Used in: gor/nor

GROUP

The GROUP command allows you to group the output of your query according to a number of different criteria. The GROUP command is very similar to the “group by” function in SQL.

This command groups a set of rows into a set of summary row by values of columns. It returns one row for each group. We often use the GROUP command with aggregate functions such as -count, -cdist, -min, -med, -max, -dis, -set, -lis, -avg, -std, and -sum.

The aggregate functions allow us to perform a calculation of a set of rows while grouping.

Using GROUP in a nor query will give an error if binsize input parameter is used.

Usage

gor ... | GROUP binsize [ attributes ]
nor ... | GROUP [ attributes ]

Options

-count

Return the count for each bin.

-cdist

Return the number of distinct rows for each bin.

-gc cols

Grouping columns (other than bin).

-sc cols

String columns (-ac has been deprecated).

-ic cols

Integer columns.

-fc cols

Floating valued columns.

-min

Calculate the min for any type of column.

-med

Calculate the median for any type of column.

-max

Calculate the max for any type of column.

-dis

Calculate the number of distinct values for any type of column.

-set

Return a comma separated set with the distinct values in the column.

-lis

Return a comma separated list with the values in the column.

-len number

Specify the maximum column length of a set and a list. Defaults to 10000 chars.

-notruncate

Throw an exception rather than truncating the list or set if it exceeds the maximum length.

-avg

Calculate the avg of all numeric columns.

-std

Calculate the std of all numeric columns.

-sum

Calculate the sum of all numeric columns.

-steps number

The number of sliding steps per group window.

-s 'sep'

The separator for elements in lists and sets.

-ordered

Assume the grouping columns are ordered.

Attributes -ic and -fc explicitly define columns of either integer type or floating point type, while the -sc attribute defines it as a string type. Any column defined with the -gc option and is a part of the following aggregation options -sc, -ic or -fc will result in an error

-sc

Works with -max, -min and -med.

-ic

Works with -max, -min, -med, -avg, -std and -sum.

-fc

Works with -max, -min, -med, -avg, -std and -sum.

Ensure that there are no spaces between the numbers. Use SELECT to pick a subset of columns from the output.

Use binsize = chrom to aggregate for a whole chromosome and binsize = genome to aggregate for the entire genome.

When using GROUP in a NOR context, the ordered flag can both speed up the operation and reduce the memory usage significantly. Note that there are no checks to see if the order is correct - only use this option if the input stream is correctly ordered.

Examples

Group columns a and b on each chromosome and counting the number of groups.
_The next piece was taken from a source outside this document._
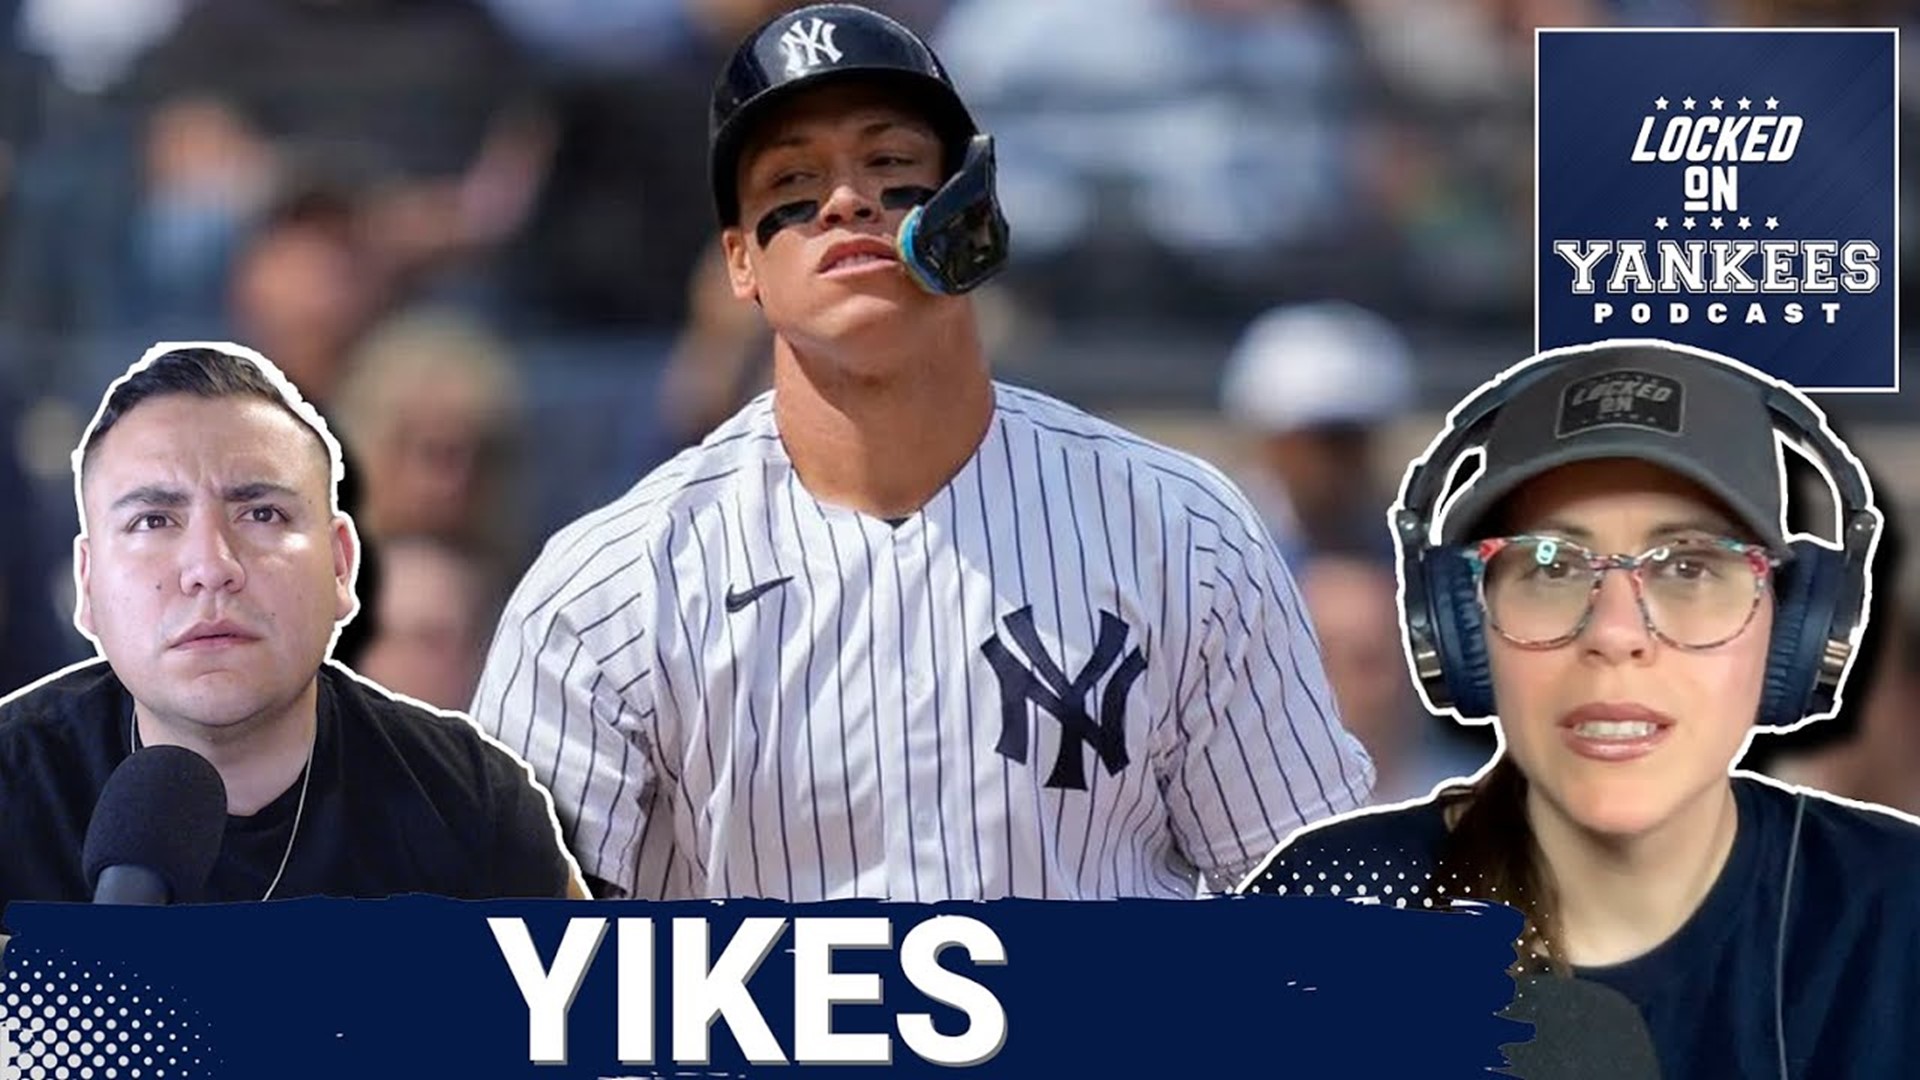 The New York Yankees dropped the first game of the series  to the Minnesota Twins, 6-1 on Monday night thanks in big part to an anemic offense.
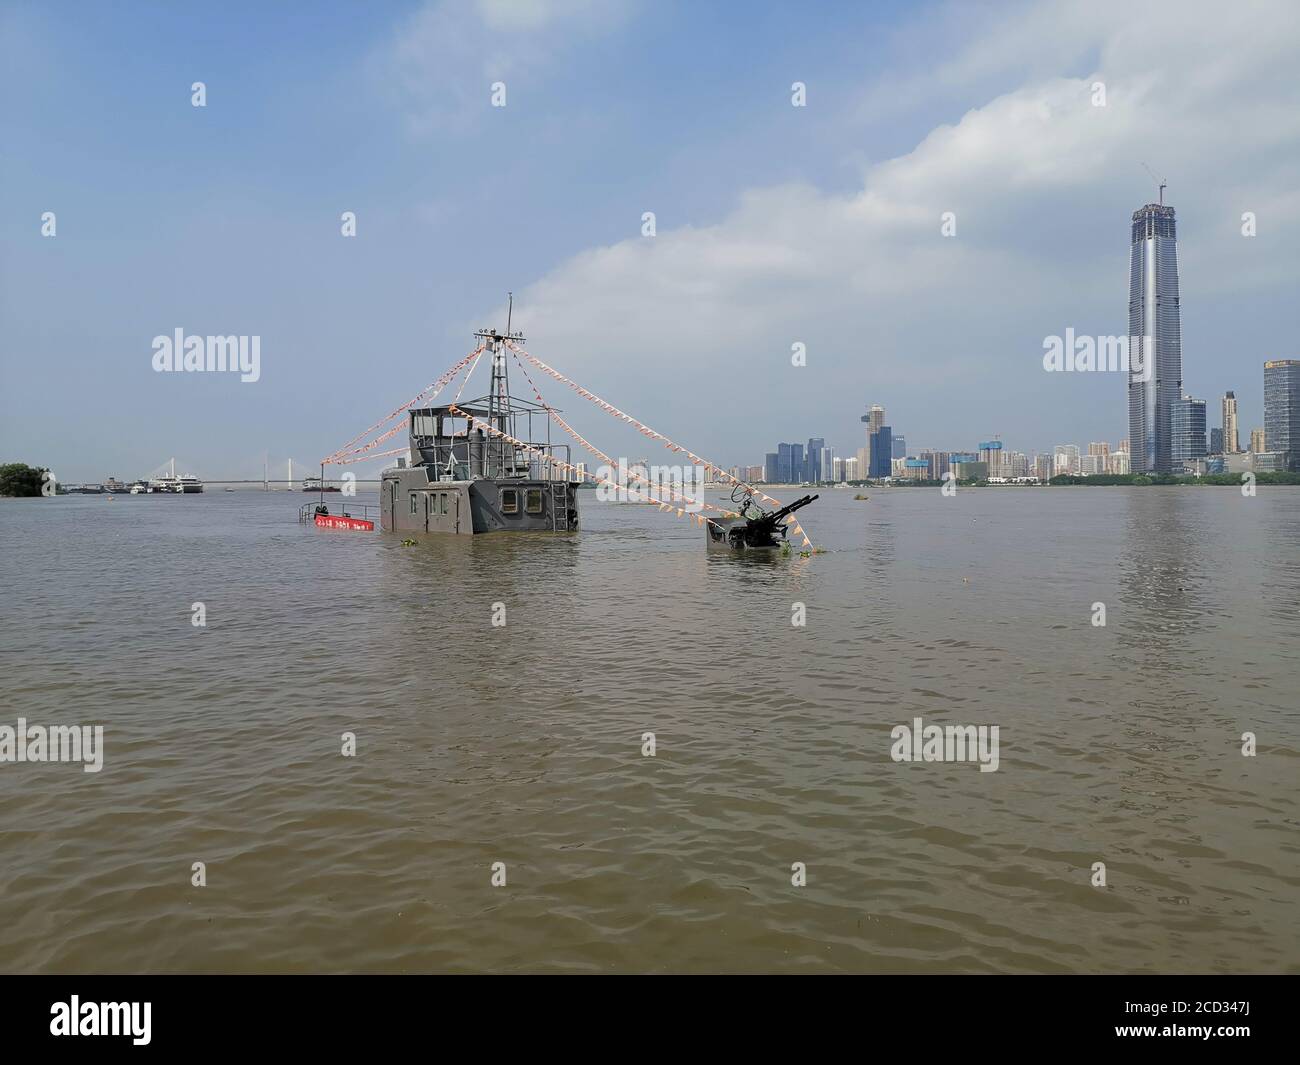 A patrol boat is flooded by rising water level caused by rainstorm in Wuhan city, south China's Hubei province, 30 June 2020. Stock Photo

gor ... | group chrom -gc a,b -count

Group column a for the whole genome and calculate the sum and average for columns b and c (which are defined as floating point columns).

gor ... | group genome -gc a -fc b,c -ave -sum

Group #dnsnp# on reference for the whole genome and return it as a set with -set attribute. This query should return a set of A,C,G,T (in undefined order)

gor #dbsnp# | where len(reference) = 1 | group genome -sc reference -set

In some cases, we may wish to know which individual rows have been grouped together. In that case, the -lis argument comes in handy:

gor source/var/wgs_varcalls.gord -s PN
    | group 1 -gc reference,call -lis -sc PN
    | top 100

The query above will output a list on each variant showing which PN carried that variant.